Unnamed: 0,Tree,Node,Feature,Sign,Split,Count,CountPct,NonEvents,Events,EventRate,WOE,IV,XAddEvidence,DetailedSplit,Points
0,0,1,account_never_delinq_percent,<,98.0,2810.0,0.401429,2136.0,674.0,0.239858,1.043764,0.65111,0.282129,account_never_delinq_percent < 98,-1
1,0,2,account_never_delinq_percent,>=,98.0,4190.0,0.598571,4164.0,26.0,0.006205,-2.87891,1.795892,-0.635539,account_never_delinq_percent >= 98 or missing,65
2,1,1,revolving_utilization_of_unsecured_lines,<,0.609306,5224.0,0.746286,4986.0,238.0,0.045559,-0.844894,0.381409,-0.438478,revolving_utilization_of_unsecured_lines < 0.6...,63
3,1,2,revolving_utilization_of_unsecured_lines,>=,0.609306,1776.0,0.253714,1314.0,462.0,0.260135,1.151958,0.520027,0.449212,revolving_utilization_of_unsecured_lines >= 0....,-1
4,2,1,external_risk_estimate,<,68.0,1664.0,0.237714,1257.0,407.0,0.244591,1.069555,0.408468,0.469775,external_risk_estimate < 68,-1


Next, we combine decision rules into intervals, leading to a more compact version of a scorecard.

### Scorecard by Intervals

Using the same constructor, we are just one step away to build a compact scorecard grouped by intervals:

In [8]:
xgb_scorecard_by_intervals = scorecard_constructor.construct_scorecard_by_intervals()
xgb_scorecard_by_intervals.head()

Unnamed: 0,Feature,Bin,Left,Right,Points,XAddEvidence,Count,Events,NonEvents,CountPct,WOE,IV
0,account_never_delinq_percent,"(-inf, 70.8000031)",-inf,70.800003,-13,1.545084,237.0,102.0,135.0,0.033857,1.916923,0.039708
1,account_never_delinq_percent,"[70.8000031, 80.5)",70.800003,80.5,3,1.320483,305.0,100.0,205.0,0.043571,1.479385,0.0272
2,account_never_delinq_percent,"[80.5, 87.9000015)",80.5,87.900002,28,0.966175,524.0,139.0,385.0,0.074857,1.178455,0.026998
3,account_never_delinq_percent,"[87.9000015, 93.8000031)",87.900002,93.800003,45,0.723387,817.0,180.0,637.0,0.116714,0.933412,0.024274
4,account_never_delinq_percent,"[93.8000031, 97.0)",93.800003,97.0,83,0.187393,725.0,123.0,602.0,0.103571,0.609151,0.008138


Let us compare the length of each scorecard:

In [9]:
print(f"Length of the scorecard by decision rules: {len(xgb_scorecard_with_points)}")
print(f"Length of the scorecard by intervals: {len(xgb_scorecard_by_intervals)}")

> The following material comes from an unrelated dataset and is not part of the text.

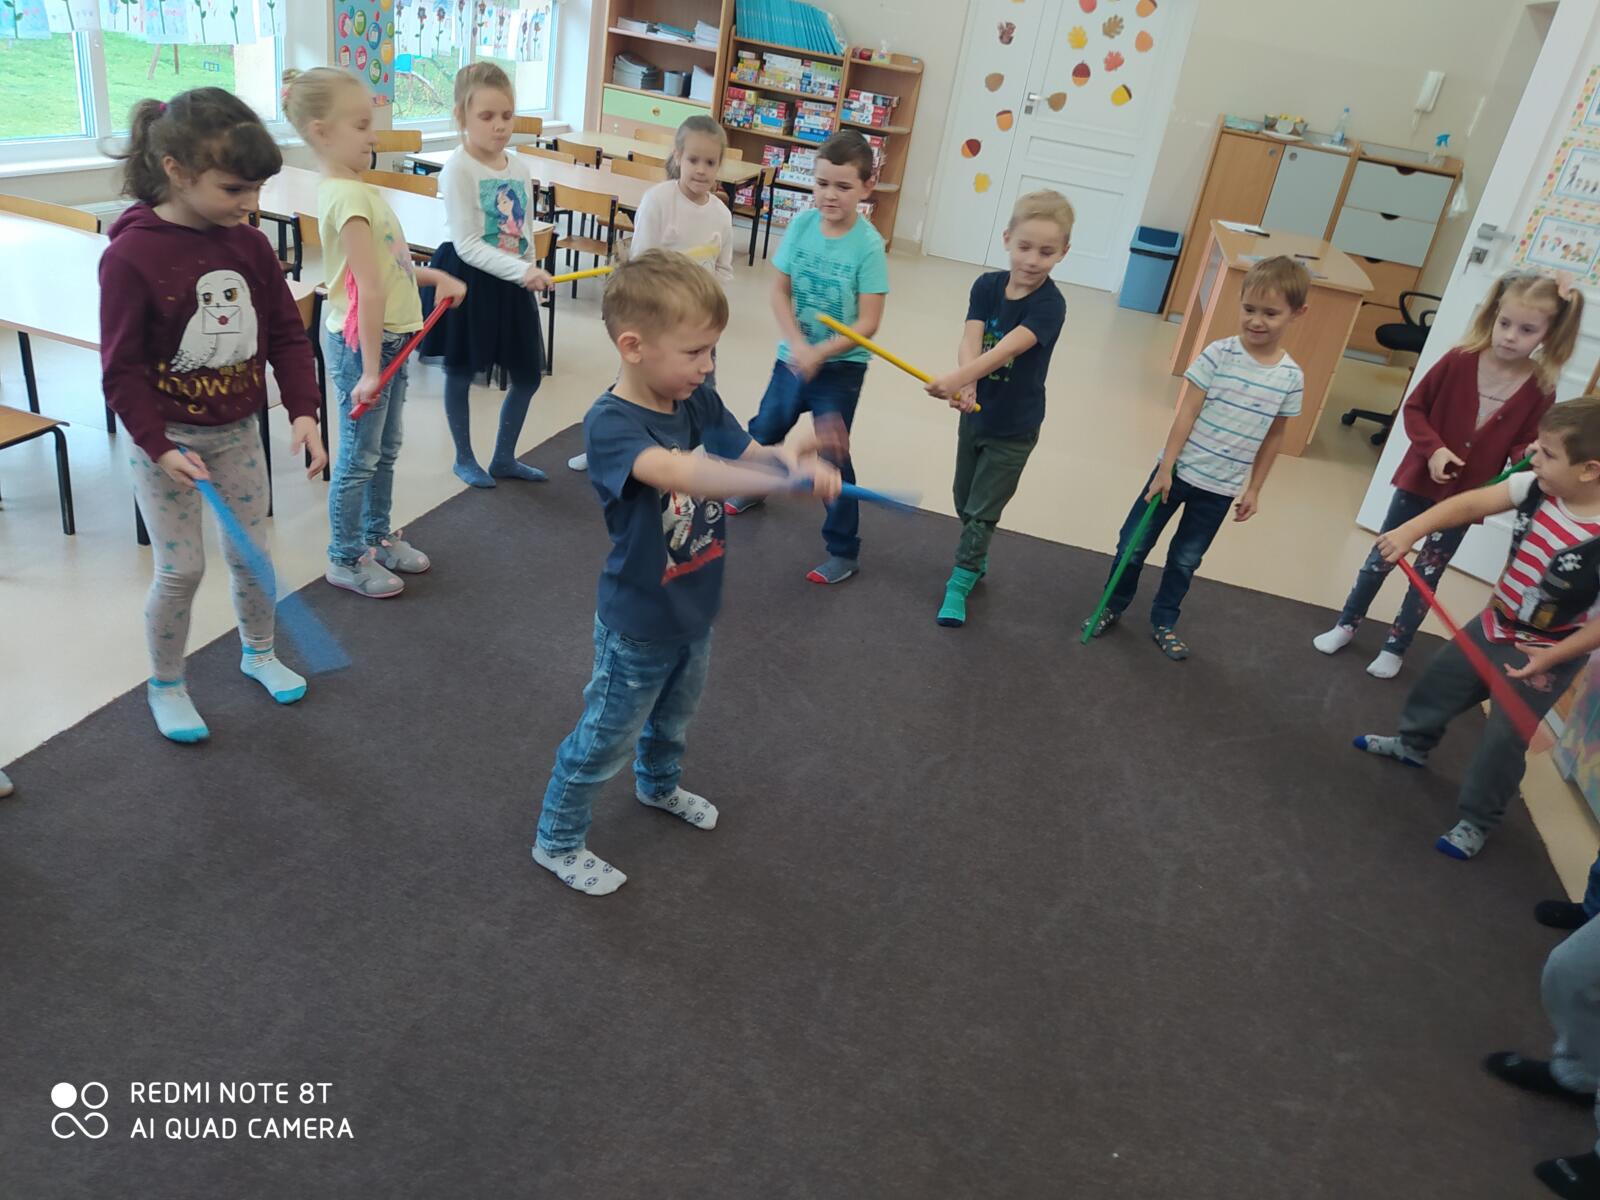 Zabawa przy muzyce z laseczkami - naśladowanie. W środku koła dziecko pokazuje rytmiczne ruchy laseczką według własnego pomysłu, reszta grupy naśladuje.

Length of the scorecard by decision rules: 170
Length of the scorecard by intervals: 54


The latter format is more than three times shorter than the original! So now it is really much easier to use and interpret.

Finally, let us deal with the issue of negative points by directly using the PEO/PDO method on this scorecard:

In [10]:
scorecard_constructor.create_points_peo_pdo(peo=600, pdo=50).head()

Unnamed: 0,Feature,Bin,Left,Right,Points,XAddEvidence,Count,Events,NonEvents,CountPct,WOE,IV,Points_PEO_PDO
0,account_never_delinq_percent,"(-inf, 70.8000031)",-inf,70.800003,-13,1.545084,237.0,102.0,135.0,0.033857,1.916923,0.039708,8.0
1,account_never_delinq_percent,"[70.8000031, 80.5)",70.800003,80.5,3,1.320483,305.0,100.0,205.0,0.043571,1.479385,0.0272,24.0
2,account_never_delinq_percent,"[80.5, 87.9000015)",80.5,87.900002,28,0.966175,524.0,139.0,385.0,0.074857,1.178455,0.026998,50.0
3,account_never_delinq_percent,"[87.9000015, 93.8000031)",87.900002,93.800003,45,0.723387,817.0,180.0,637.0,0.116714,0.933412,0.024274,67.0
4,account_never_delinq_percent,"[93.8000031, 97.0)",93.800003,97.0,83,0.187393,725.0,123.0,602.0,0.103571,0.609151,0.008138,106.0


In summary, now we have a compact scorecard with points in a practical scale - only using two additional methods of the `XGBScorecardConstructor` constructor.